Last
week I found myself in a dangerous situation not unlike many I had
experienced before. A recent storm had dropped several inches of snow
in the middle of a deep freeze that left a glaze of ice on what
little road was exposed. The responsible thing to do was to work at
home, eliminating the chance of committing an act of evil: that
which, by intention, increases the risk of death or pain for other
people without their consent and their ability to share in any gains.
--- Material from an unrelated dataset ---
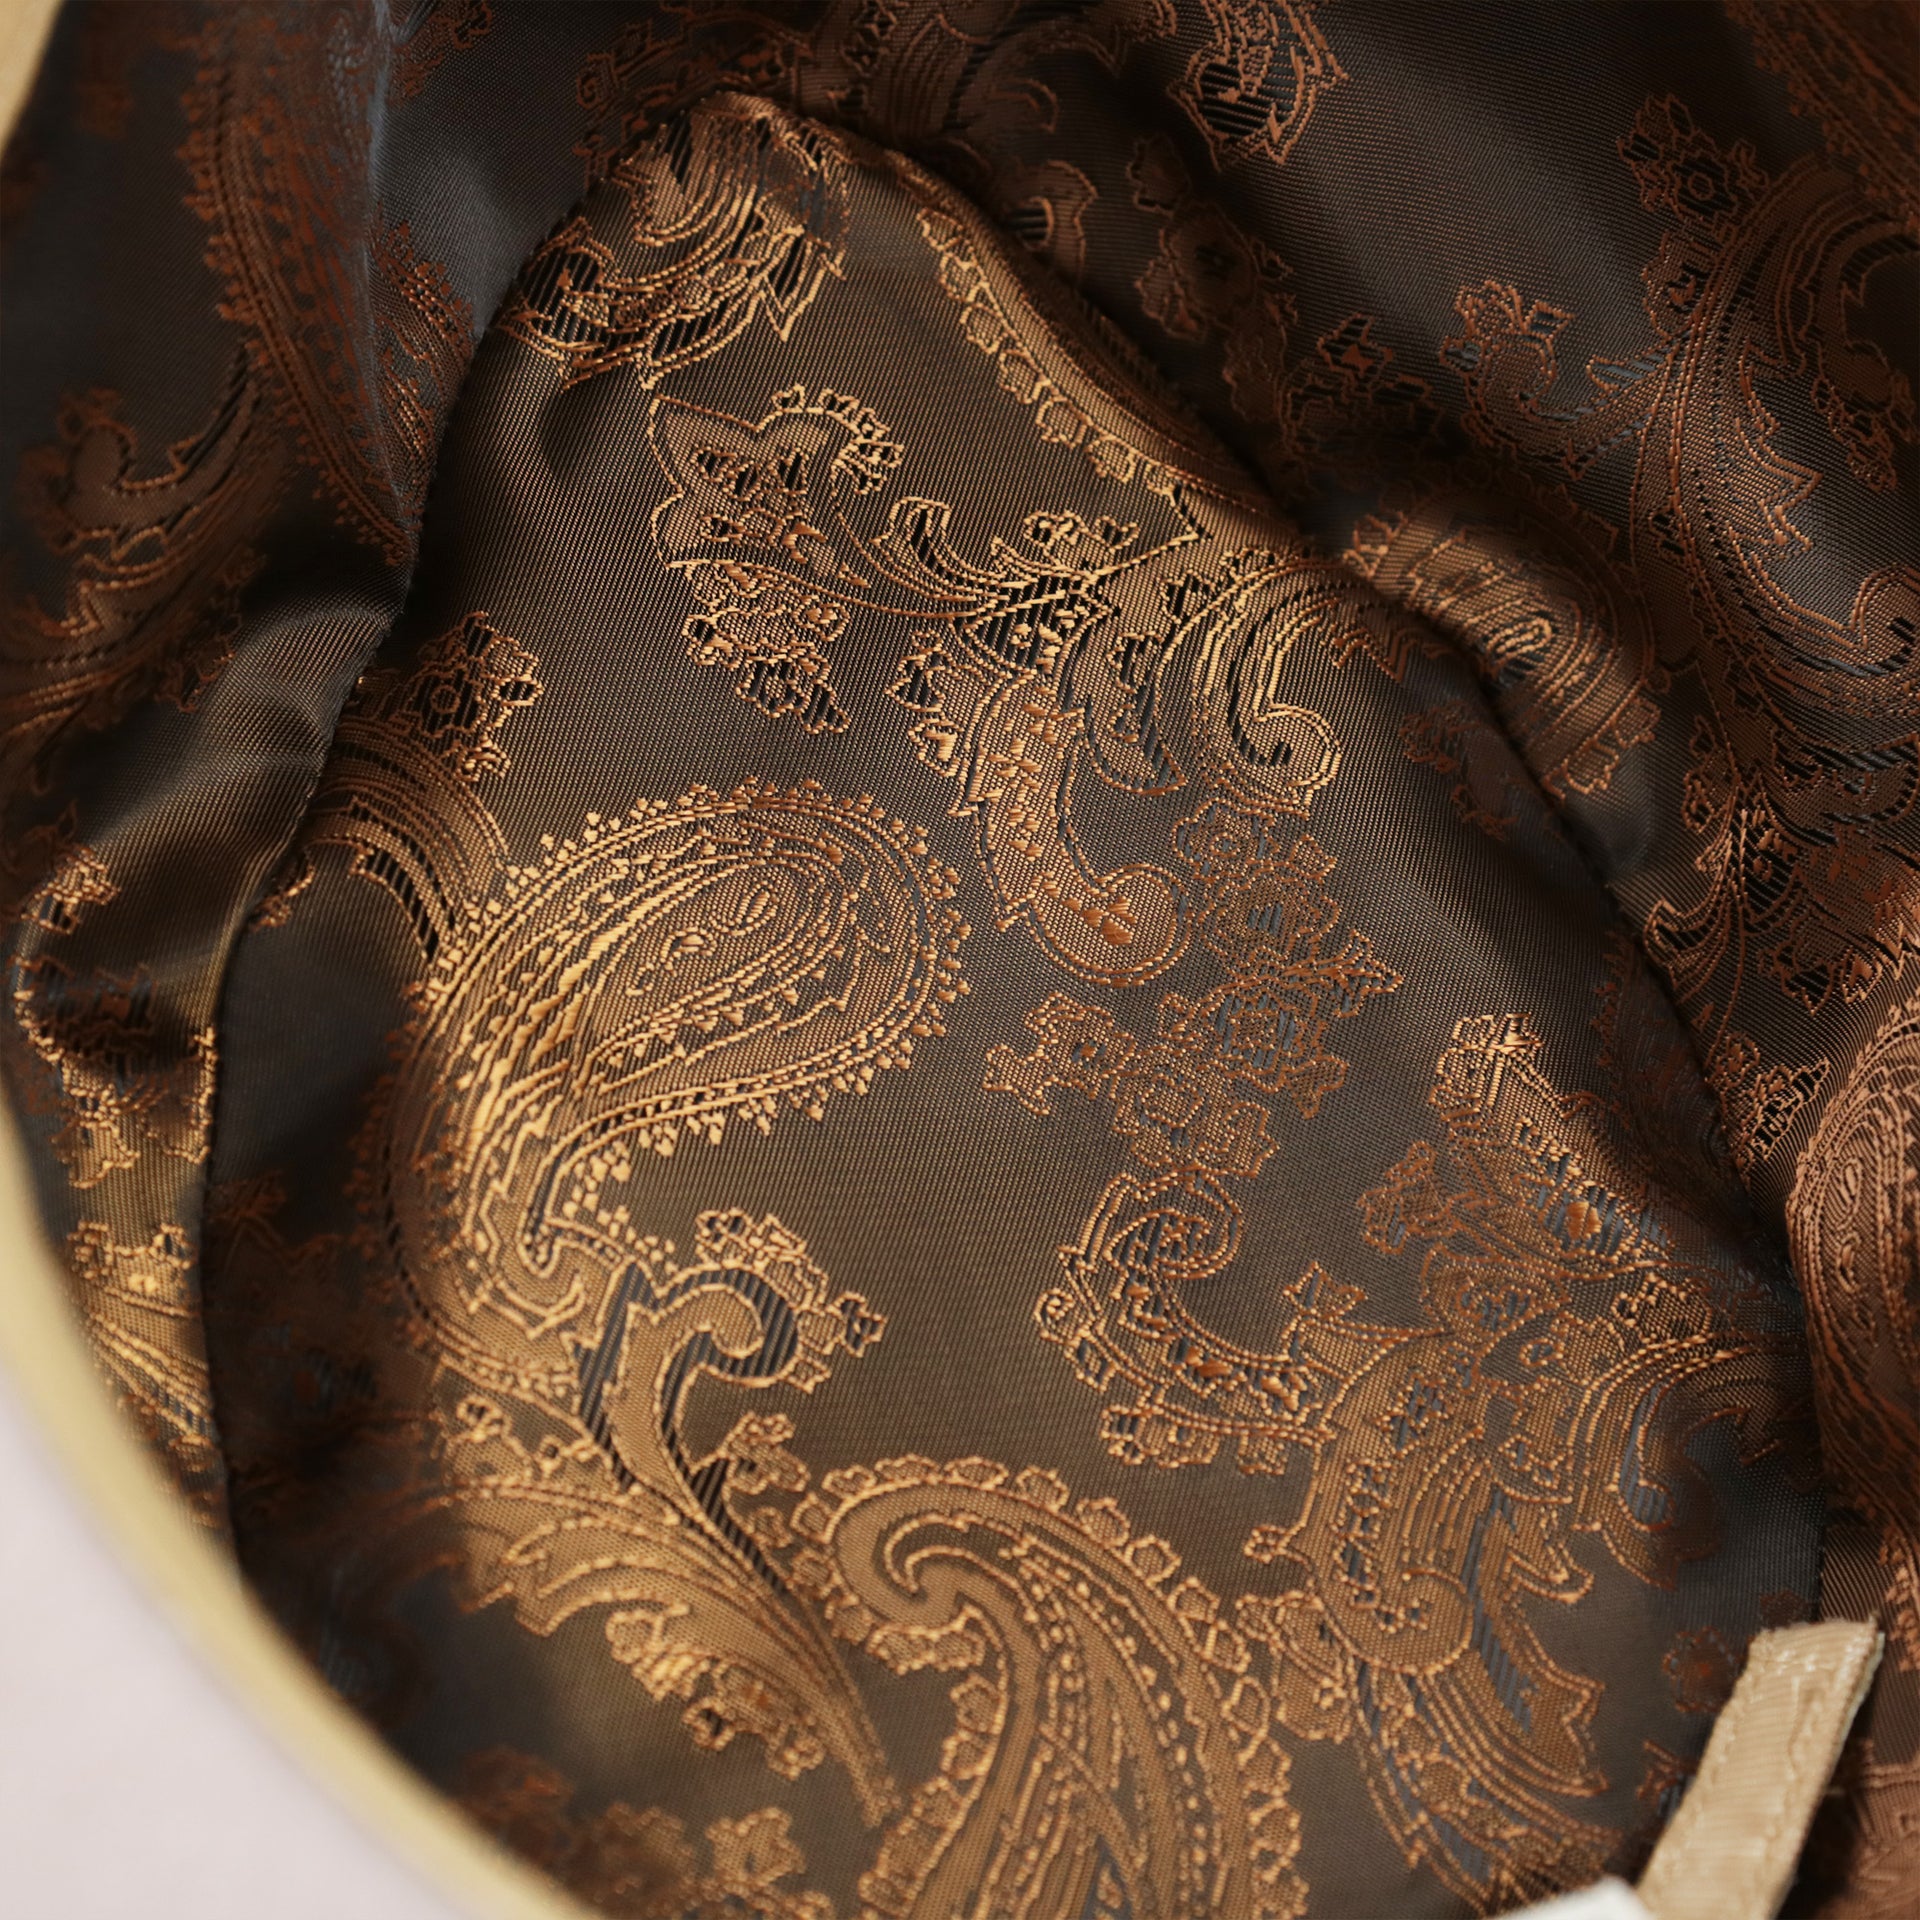 The interior of the Wide Brim Ribbon Trim Gray Fedora Hat with Brown Paisley Silk Interior | Zertrue 100% Australian Wool

There was a chance, but it was arguably small, since everyone on the
roads had implicitly decided to take the same risk. After a brief
call to my boss, who subtly reminded me that work at the office was
expected except under extreme circumstances, I decided to attempt the
drive.
My
first fourteen years of driving were in the Boston area, in cars that
were far less reliable than the one I now drive, and under conditions
much worse than any I've encountered in the Denver area since I moved
here. I remembered that as I watched cars randomly cross lanes of the
highway that were hidden by the snow. A reassuring thought
stream from my subconscious reminded me that I was spoiled but
not unprepared, and fed me directions derived from those early years
and basic knowledge that was now part of my neuron memory.
As
conditions rapidly deteriorated in one part of the trip, I
experienced a burst of euphoria brought about by one stark,
illuminating thought: if I die soon, I'll make sure that I die happy.
Every experience any of us has ever had is already locked into the
Universe, which no one and nothing can destroy; the next few minutes
can be good or bad, in large part based on our own actions, and they
too will be locked into the fabric of spacetime. We may as well make
them good.
Coincidentally,
my iPod started playing the theme to the TV show "Spenser for
Hire," which had been a popular addition to Boston culture when
I was driving there. The euphoria was joined by nostalgia, in part
for the decade-long creative binge I enjoyed while working with my
father in an attempt to develop and teach self-reliance through
joyful derivation and use of understanding in any situation. My
memories have long cast that time in terms of building a better
future, but I now grasped that they depended on experiencing a
better present. My father thrived in new situations, sometimes
created by making what others would consider a mistake, and learning
things from them that could alter his understanding of everything
else so that life was more interesting. It was easy for me to focus
on those larger insights, but I had lost sight of their source in the
minute-by-minute experiences that are constantly embedded in the
reality of the past and should be savored as much – or more.
As
the world becomes a more dangerous place in the weeks and months
ahead, I'm taking that recent experience and its insights to heart,
folding them into a vision of how I want to spend the rest of my
life, however long or short, and holding onto the goal of embedding
as much joy as possible into the Universe – moment by moment.